The sections were then incubated with the biotinylated secondary
antibodies and visualized by DAB. Counterstaining was carried out
with hematoxylin. The sections were dehydrated in alcohol and
coverslipped. For the negative controls, PBS replaced the primary
antibody.
Statistical analysis
All experiments were performed in triplicate, and
the results are expressed as the means ± standard deviation (SD).
Kaplan-Meier survival plots were generated and comparisons were
carried out with log-rank statistics. A P-value <0.05 was
considered to indicate a statistically significant result. All the
statistical analyses and graphics were performed with GraphPad
Prism version 5.00 for Windows (GraphPad Software, San Diego, CA,
USA).
Results
Assessment of levels of APOBEC3B mRNA and
protein in 52 human chondrosarcoma specimens
Western blotting and immunohistochemical staining
were carried out to investigate the protein levels of APOBEC3B in
the chondrosarcoma specimens of grade I, II and III, respectively.
As shown in Fig. 1A and C, the
level of APOBEC3B protein in the chondrosarcoma tissues was higher
than the level in the normal tissues (P<0.05). To examine the
relationship between the level of APOBEC3B protein and the level of
APOBEC3B transcription, real-time PCR of APOBEC3B
mRNA was carried out in the chondrosarcoma specimens. The results
showed that the level of APOBEC3B mRNA was also higher in
the chondrosarcoma specimens than the level in the normal tissues
and coincident with the level of protein (P<0.05, Fig. 1B). The levels of APOBEC3B
mRNA and protein were higher in the cancer tissues of grade III
than levels in tissues of grade I or II (P<0.05, Fig. 1). Kaplan-Meier analysis showed that
APOBEC3B expression was correlated with the unfavorable prognosis
of patients with grade I, II and III stage chondrosarcoma
(P<0.05, Fig. 1D).
Effects of APOBEC3B knockdown on
biological phenotypes of chondrosarcoma cells
SW1353, OUMS-27 and RUNX3-positive SW1353 cells were
transfected with the APOBEC3B shRNA plasmid, and expression of
APOBEC3B was determined by western blotting and immunofluorescence
analysis. As shown in Fig. 2, the
results of the western blot analysis and immunofluorescence
analysis confirmed decreased APOBEC3B protein levels in the three
cell lines after transfection.
The results from the colony formation assay showed
that the proliferation rates of the SW1353 and OUMS-27 cells after
transfection were slightly lower than the rates in the untreated
cell lines (P<0.05, Fig. 3A).
The proliferation rate of the RUNX3-positive SW1353 cells was lower
than the rate in the RUNX3-negative cells (P<0.05, Fig. 3A).

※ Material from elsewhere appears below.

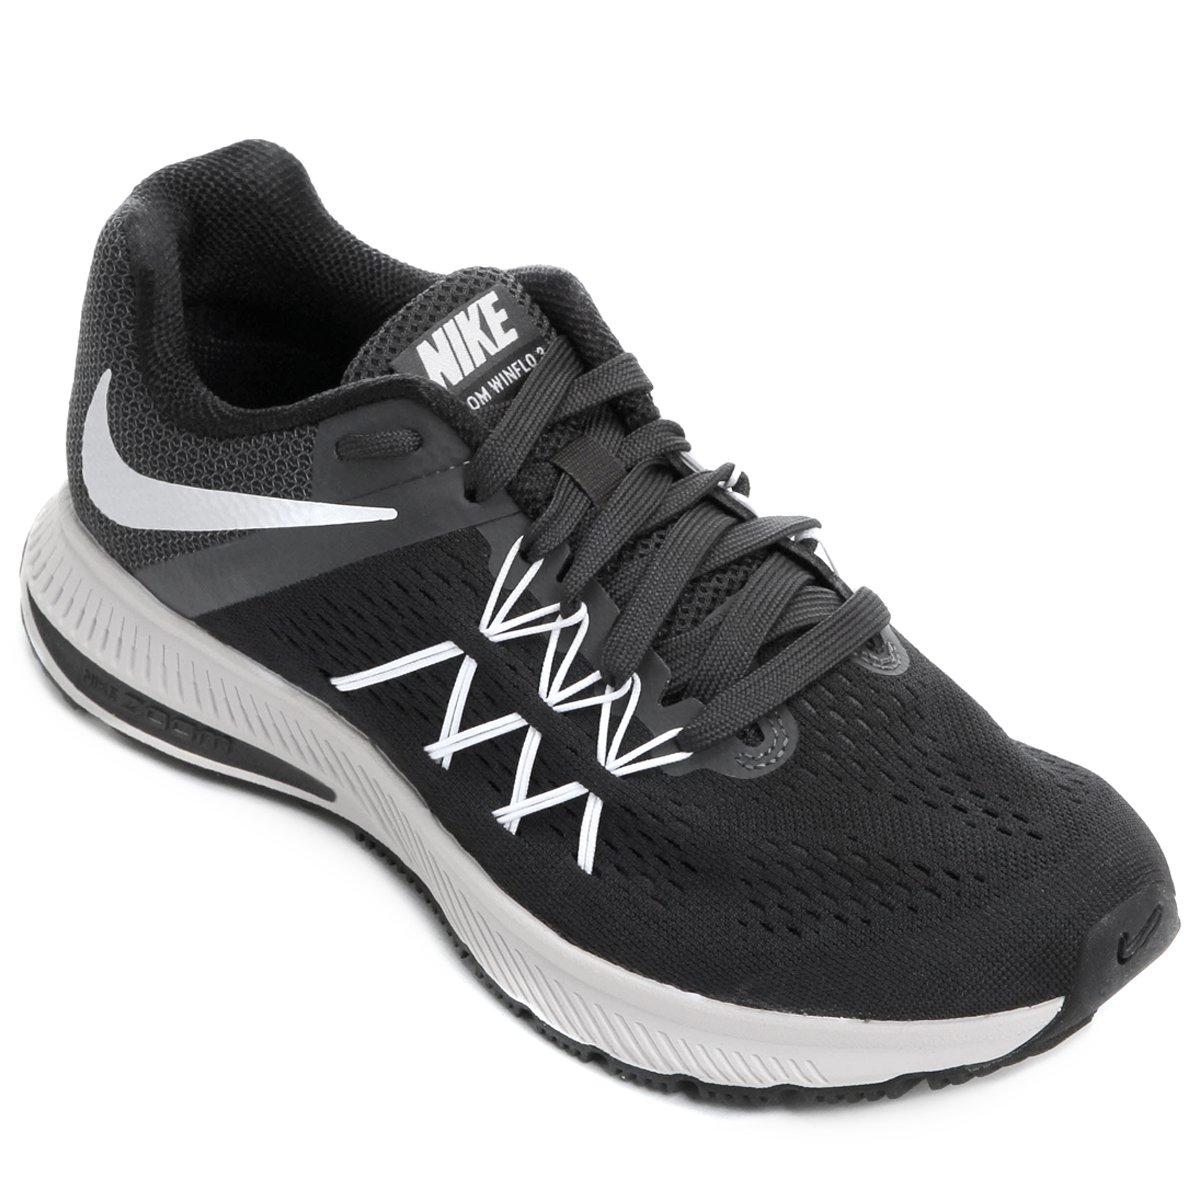 Tênis Nike Zoom Winflo 3 Feminino - Compre Agora  0941d785e218e

Notably, the RUNX3-positive
SW1353 cells following APOBEC3B shRNA plasmid transfection had the
lowest proliferative rate among the cell lines (P<0.05, Fig. 3A). The percentage of apoptotic cells
in each group was determined by Annexin V and PI double-staining.
Correspondingly, the RUNX3-positive SW1353 cells after APOBEC3B
shRNA plasmid transfection exhibited increased apoptosis
(6.26±0.42%) compared to the percentage of apoptosis in the SW1353
(0.35±0.09%) and RUNX3-positive SW1353 cells (1.28±0.16%)
(P<0.05, Fig. 3B). Furthermore,
a significantly decreased mobility of SW1353 and OUMS-27 cells
following APOBEC3B shRNA plasmid transfection was noted when
compared to the untreated cells (P<0.05, Fig. 3C). We next assessed whether the
reduced antitumor activities of RUNX3 are correlated with
mutagenesis. The RUNX3-positive SW1353 cells with APOBEC3B shRNA
did not yield any PCR products amplified at lower denaturing
temperatures, suggesting that no editing took place. The
RUNX3-positive SW1353 cells exhibited extensive mutagenesis in the
presence of APOBEC3B (Fig. 3D).
In the western blot analysis, a decreased level of
p-AKT and increased levels of caspase-3, -8 and -9 were detected in
the RUNX3-positive SW1353 cells transfected with APOBEC3B shRNA
when compared with the levels in the untreated cells (Fig. 4), while total levels of AKT showed
no changes (Fig. 4).
Discussion
The APOBEC3 gene family encodes proteins that
play pivotal roles in intracellular defense against viral infection
(8). APOBEC3B is overexpressed in
many types of tumor tissues and lymphoma cells (15,16).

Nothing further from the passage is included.